WHAT a picture the word "cobwebs" presents,—a fragile net stretched across an open space, at the first glance beautiful in its delicacy of workmanship, but on second thought undesirable because contaminating to its surroundings. And so if one speaks of cobwebs in a figurative sense, the intention is generally to indicate a condition of murky and indistinct thinking. From the point of view that cobwebs are evidence of a deteriorating influence, it might be supposed that they would be found only in the meaner kind of residence; but we all know that the spider is no respecter of mansions. The wise man observed, "The spider taketh hold with her hands, and is in kings' palaces," implying that even the most exalted residences are convenient places for the spinning of cobwebs. Again, the great philosopher Francis Bacon wrote of "the cobwebs and clatterings of the schoolmen," indicating that intellectual proficiency is by no means a synonym for clear thinking. The cottage, the palace, the academy, are in themselves types, and those that inhabit them are dwellers in different mental conditions—nothing more.

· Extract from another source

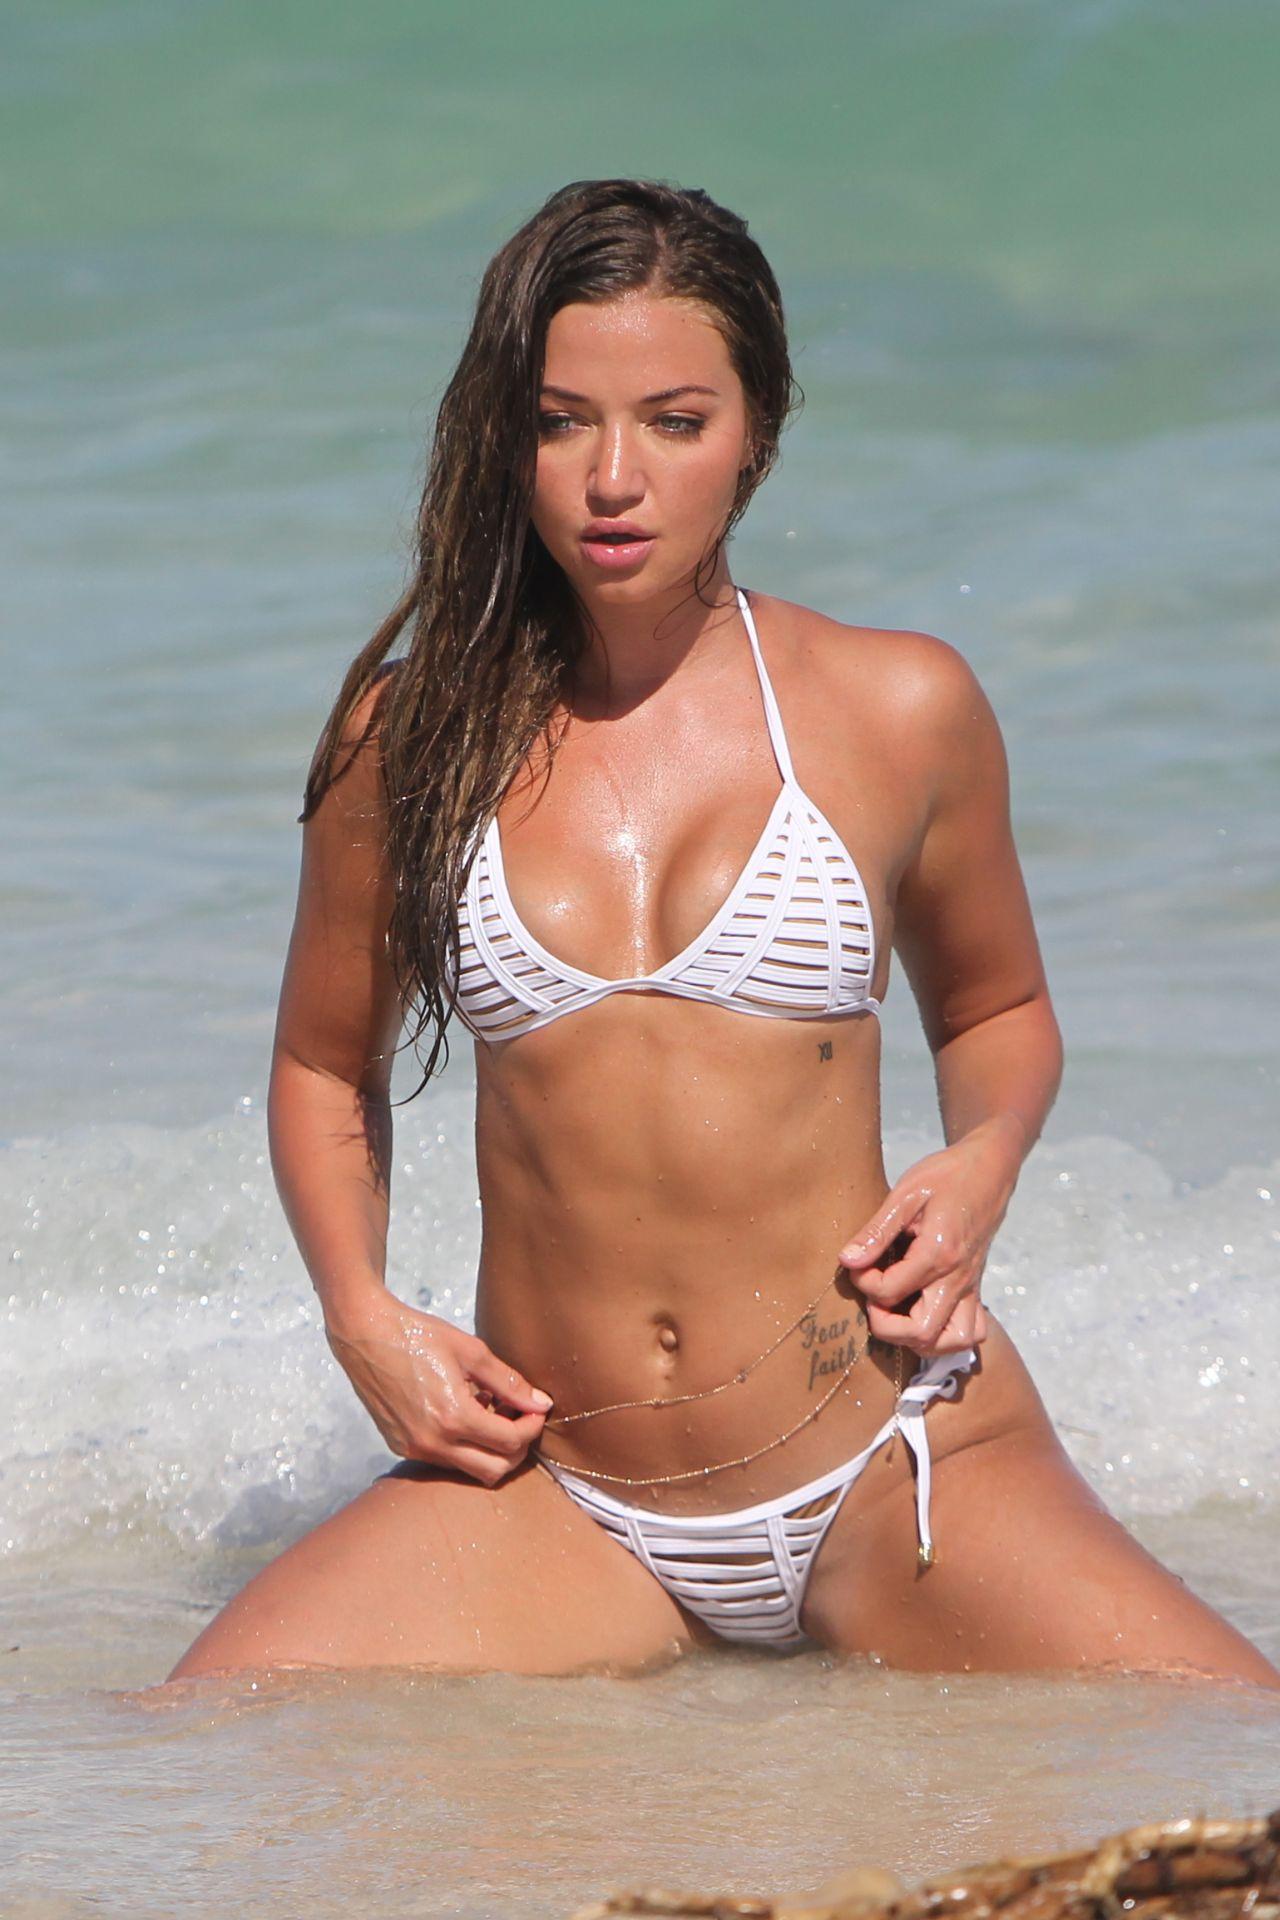 Erika Costell Bikini Photoshoot - Miami Beach 09012017-8021
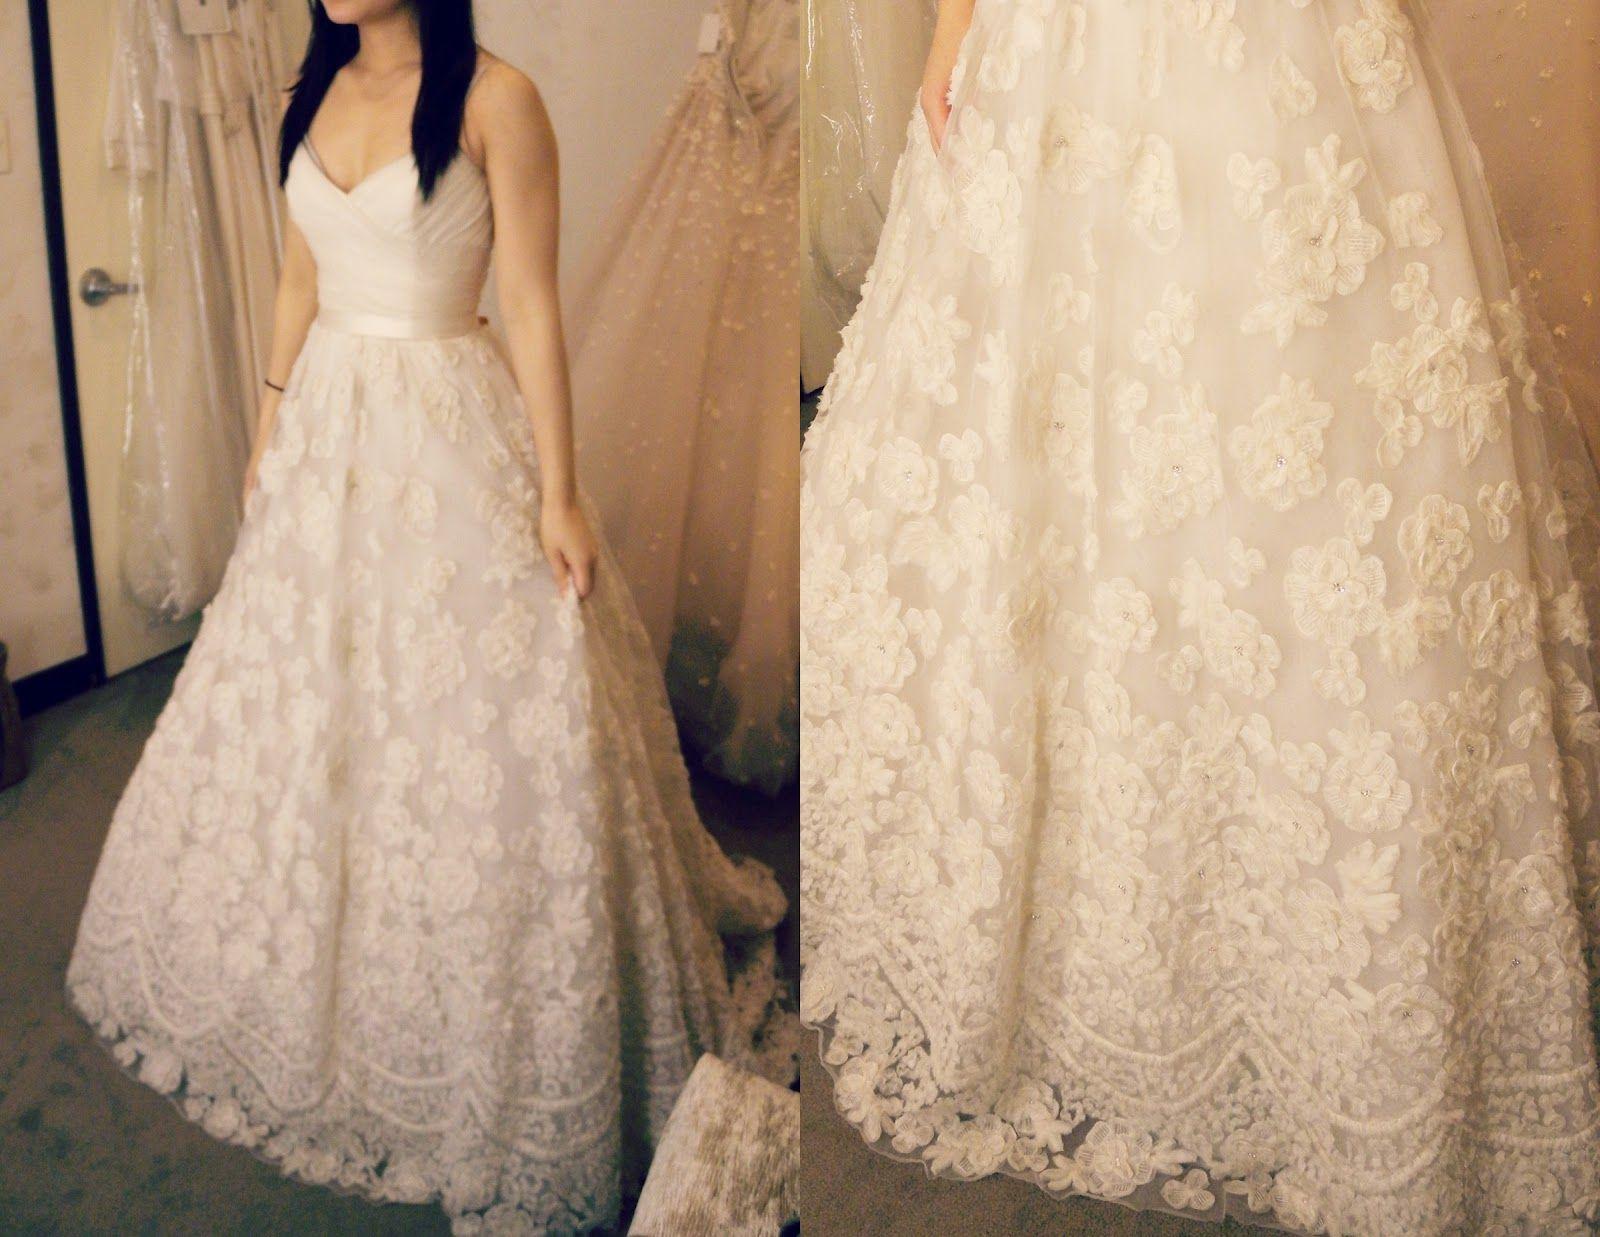 100+ Saks Fifth Ave Wedding Dresses - Plus Size Dresses for Wedding ...

The great Master, in his realization of fact, said of his own residence, "The foxes have holes, and the birds of the air have nests; but the Son of man hath not where to lay his head." Surely he was not indicating or extolling a sense of poverty or lack, but pointing to man's true residence as in divine Mind. His consciousness of existence had no sense of separation from his Father, the one Mind. He knew that man as idea cannot be cut off from the Mind which created him. On the contrary, Mind and its idea must always be one. That which presents to mortals the argument of separation is a false, usurping belief, which, like the spider's web, clouds the correct view of existence, and spins out of itself an insnaring web calculated to catch the restless, unwary, and frivolous thought. "Cleanse your mind of the cobwebs which spurious 'compounds' engender," writes Mrs. Eddy on page 271 of "Miscellaneous Writings." The attempt to bring peace to mankind by material rather than spiritual means may lead to nothing more than the building of a palace—a mental condition—in which spiders may spin their webs. If, therefore, we find a condition of hesitation, doubt, or impurity taking possession of our thought, we must get busy. There are spiders about spinning cobwebs. There was a time, perhaps, when we thought we had our mental residence swept and garnished once for all. But that is not sufficient even in our material home; neither will it do in our thinking. There must be a daily searching after and sweeping out of every cobweb of materialism.